**Supplied data**

+ + +

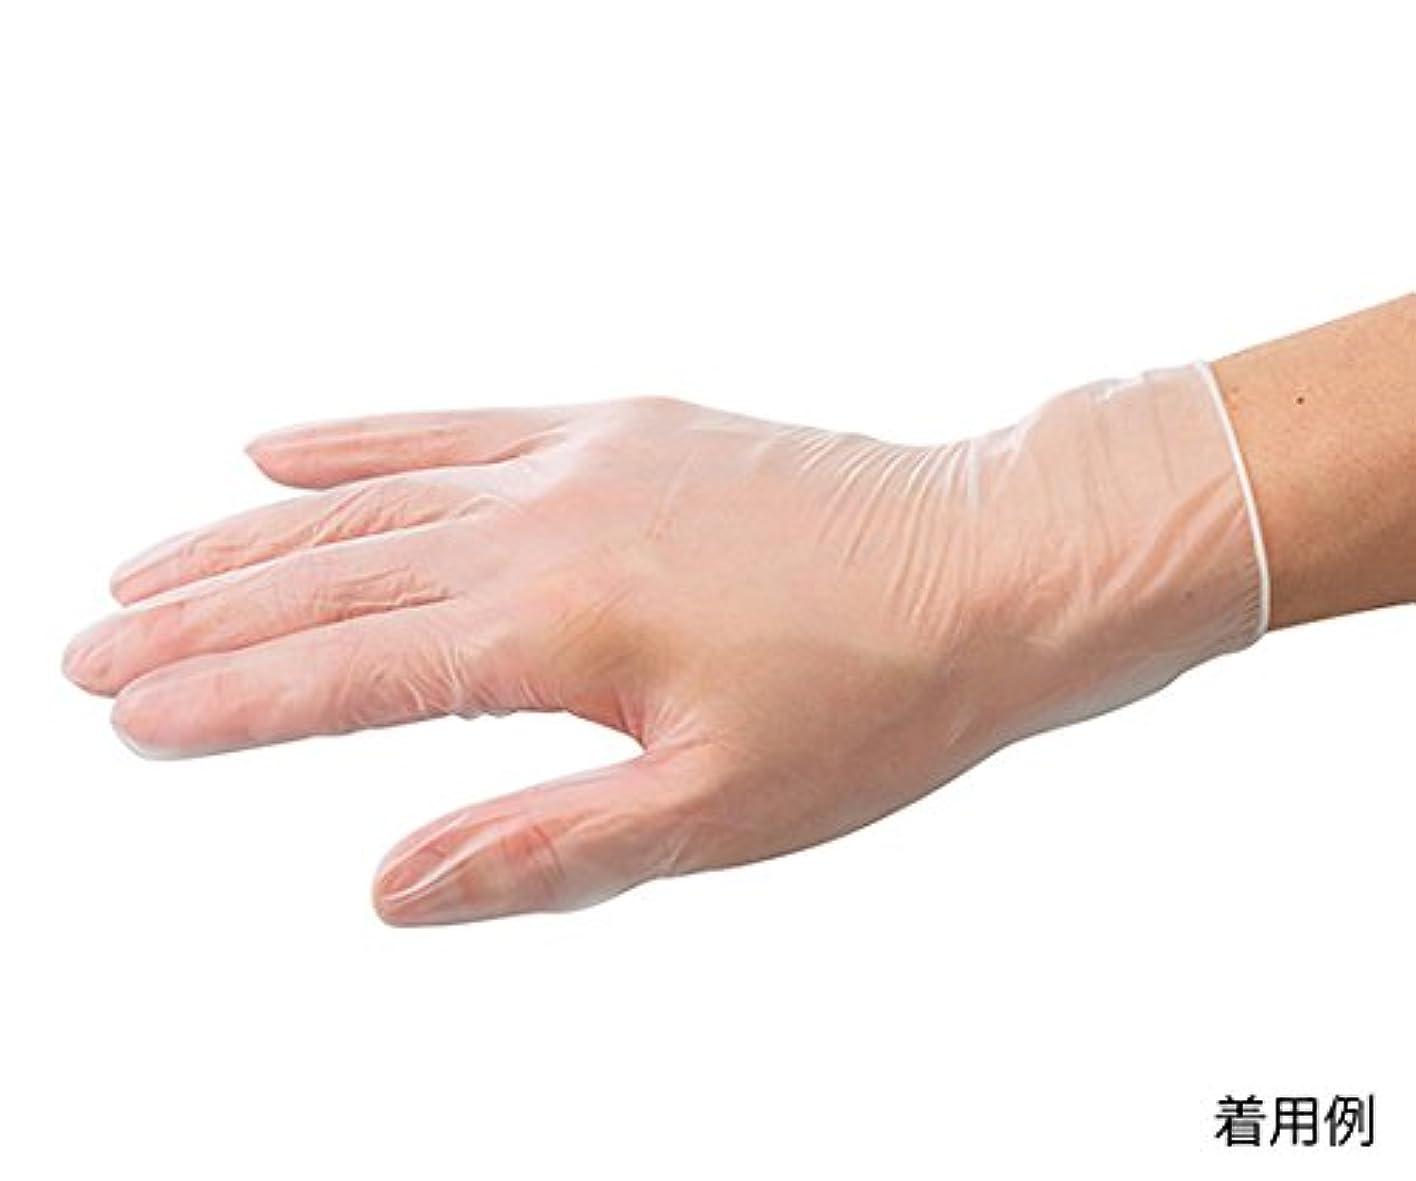 ピービッシュそれによってを必要としていますARメディコム?インク?アジアリミテッド7-3726-01バイタルプラスチック手袋(パウダーフリー)S150枚入
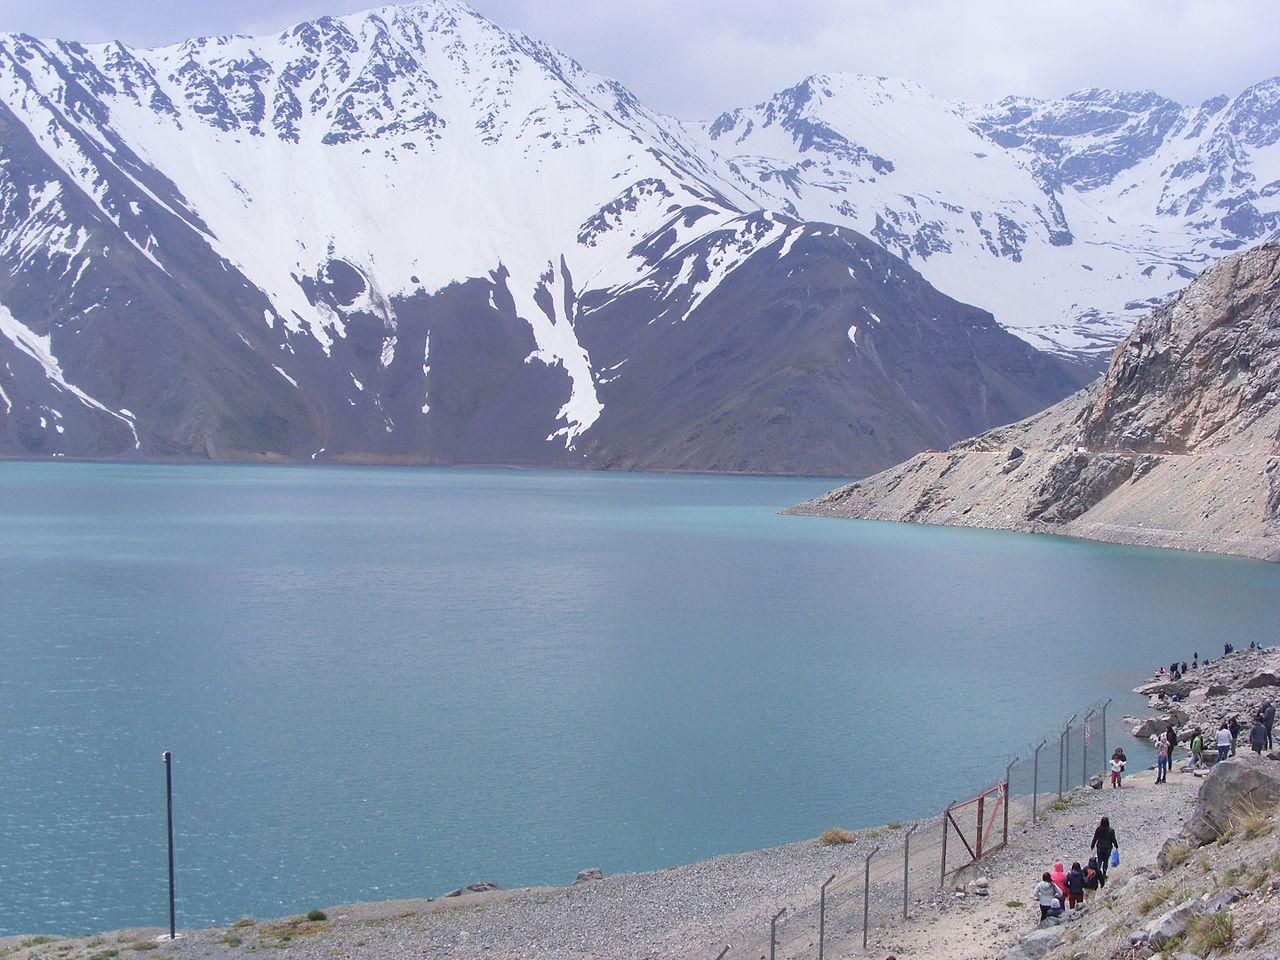 Turismo nos arredores de Santiago do Chile
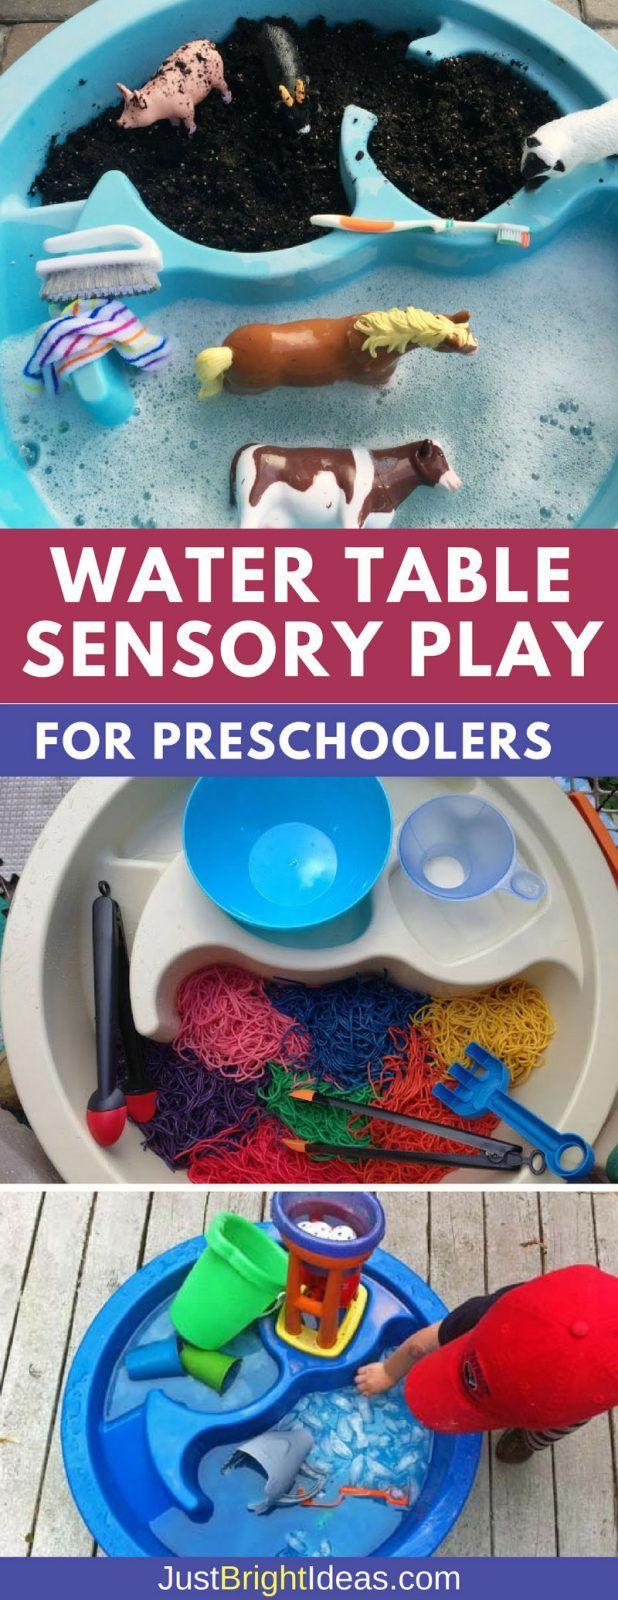 12 Sensory Water Table Activities for Preschoolers to Enjoy
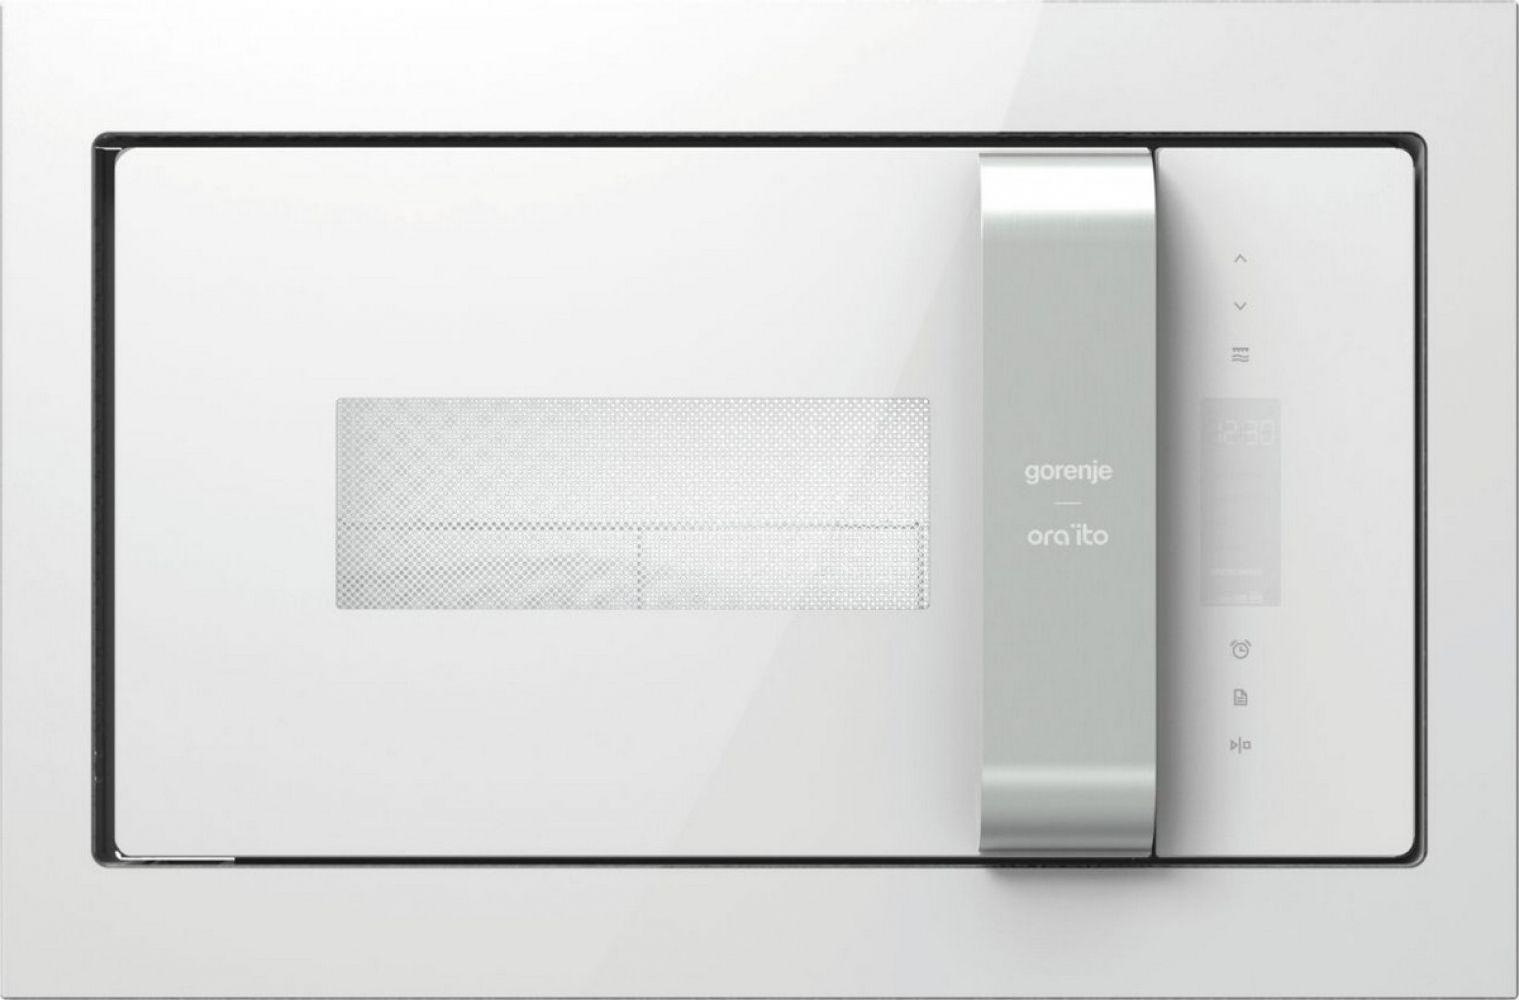 Купить Встраиваемые микроволновые печи, Встраиваемая микроволновая печь GORENJE BM 235 ORA-W

+ + +

**Task statement**
An exact, word-for-word version of the material is required, free of pictures.

**Answer for this exercise**
 ピービッシュそれによってを必要としていますARメディコム?インク?アジアリミテッド7-3726-01バイタルプラスチック手袋(パウダーフリー)S150枚入
 Turismo nos arredores de Santiago do Chile
 12 Sensory Water Table Activities for Preschoolers to Enjoy
 Купить Встраиваемые микроволновые печи, Встраиваемая микроволновая печь GORENJE BM 235 ORA-W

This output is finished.